Commentators are reacting harshly to news of an attack
on famous Danish cartoonist Kurt Westergaard, whose work ignited the 2005 Muhammed cartoon uproar. Mr. Westergaard is safe, having fled with his grandchild to a panic room and called the police, who arrived and wounded the young Somali suspect, now charged with attempted murder. Both the attempt and the online response to it, however, show that even five years later, the cartoon incident continues to spark strong emotions.
- Will It Ever End? "It's amazing," comments James Joyner, editor of the Atlantic Council, at Outside the Beltway, "that this man has to live like this five years after drawing some cartoons. Then again, Salman Rushdie has been under death threat for more than twenty years for writing a book."
- Danish Shock In analysis for the London Times,
foreign staff remark that news of the assassination attempt "came as a
shock in Denmark which thought that it had closed the chapter of the
controversy that led to deaths in protests in Afghanistan, Lebanon,
Nigeria, Pakistan and Somalia, attacks on Danish embassies and the
withdrawal of ambassadors from Iran, Libya, Syria and Saudi Arabia."
- 'Nearly a Free-Speech Martyr,' declares Crunchy Con blogger Rod Dreher, incensed over the notion of an attempted murder in front of the cartoonist's grandchild "over a drawing ... There's no reasoning with them," he continues, presumably referring to extremists, "any more than there's reasoning with the SS man coming through the door."

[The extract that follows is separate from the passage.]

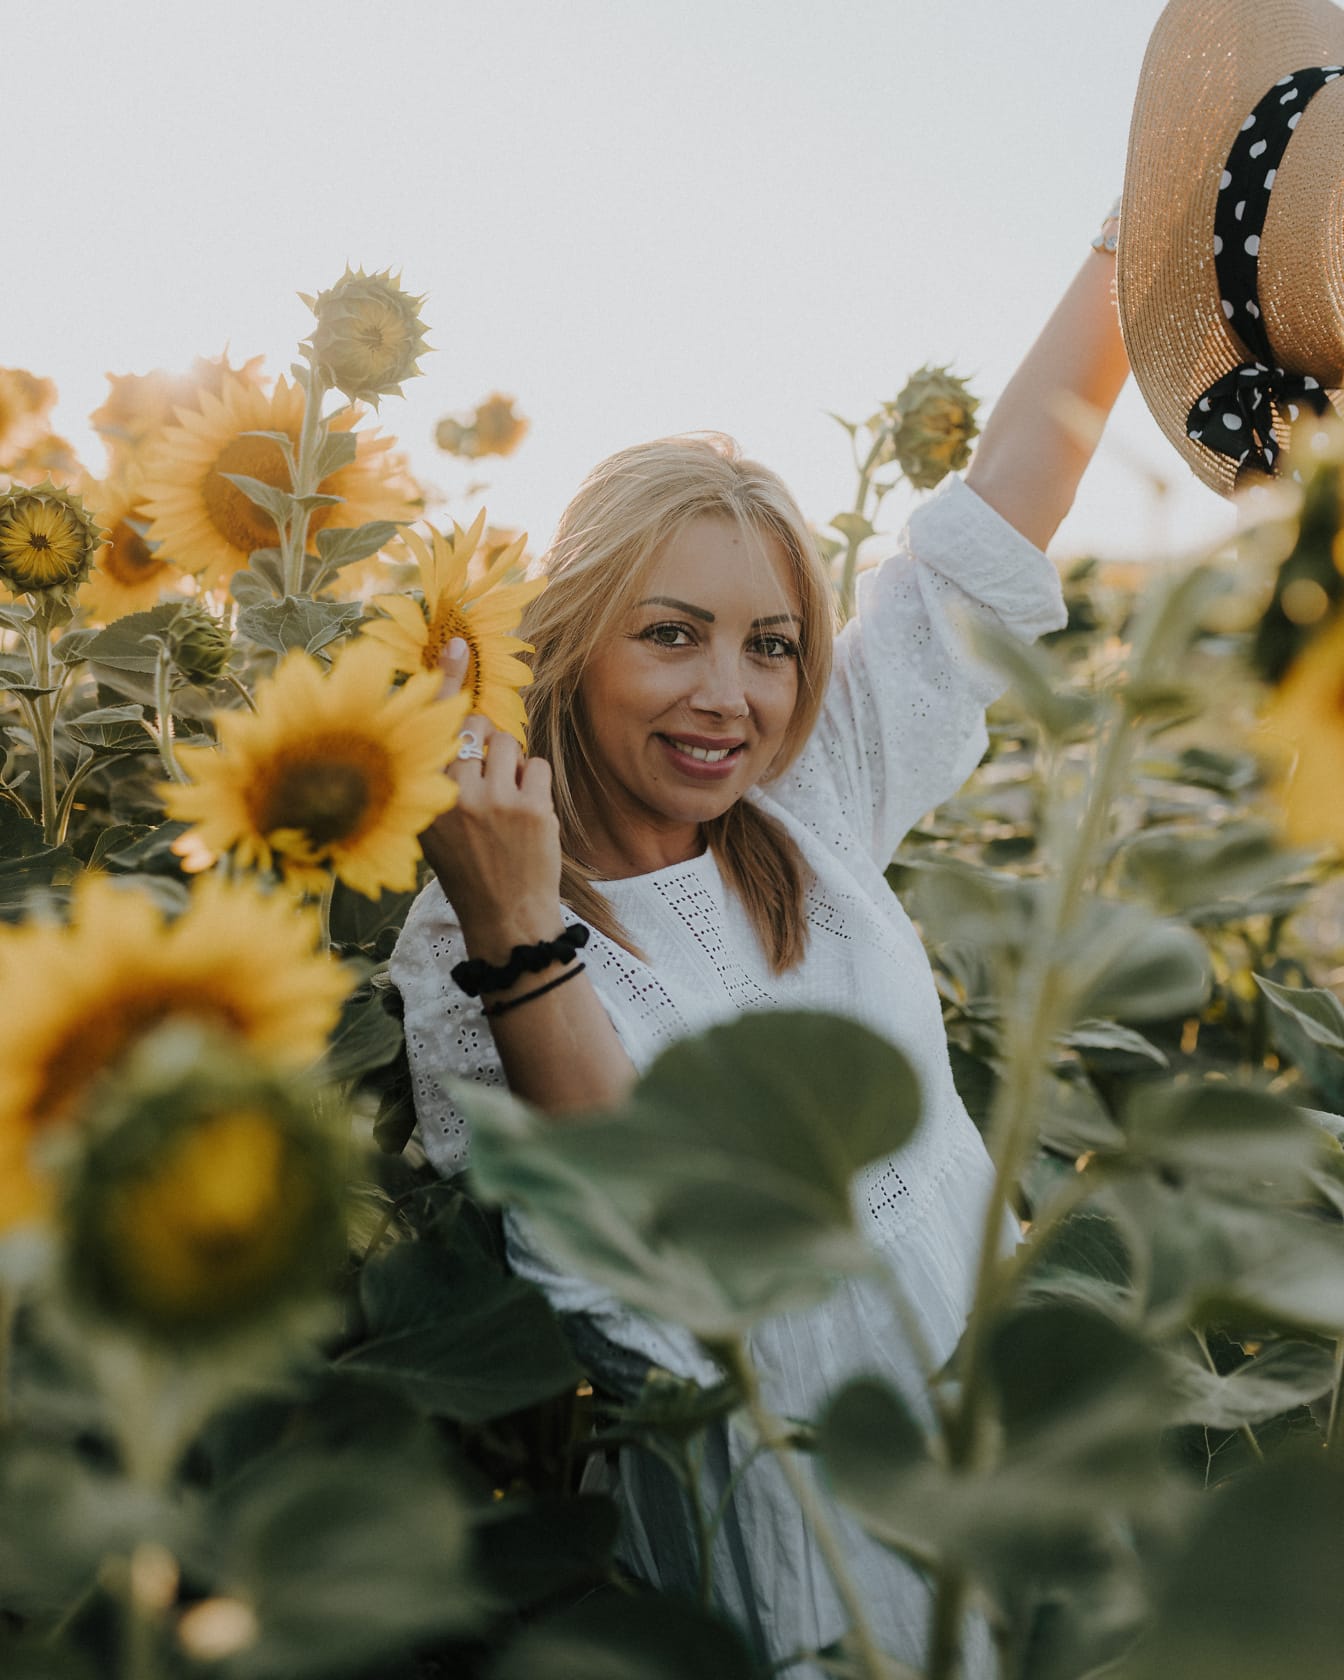 Potret seorang cowgirl cantik yang tersenyum memukau memegang topi jerami di ladang bunga matahari

- Way to Confirm the Original Cartoon While noting that "hundreds of thousands [of Muslims] are fighting and dying on the side of law, order, rationality, and humanity," Jules Crittenden remarks that "the part I've always found ironic is how, in [the extremists'] rage over a cartoon, they demonstrate what a devastatingly spot-on satire it was." He pastes in, for reader reference, the Westergaard drawing of the prophet with a bomb for a turban.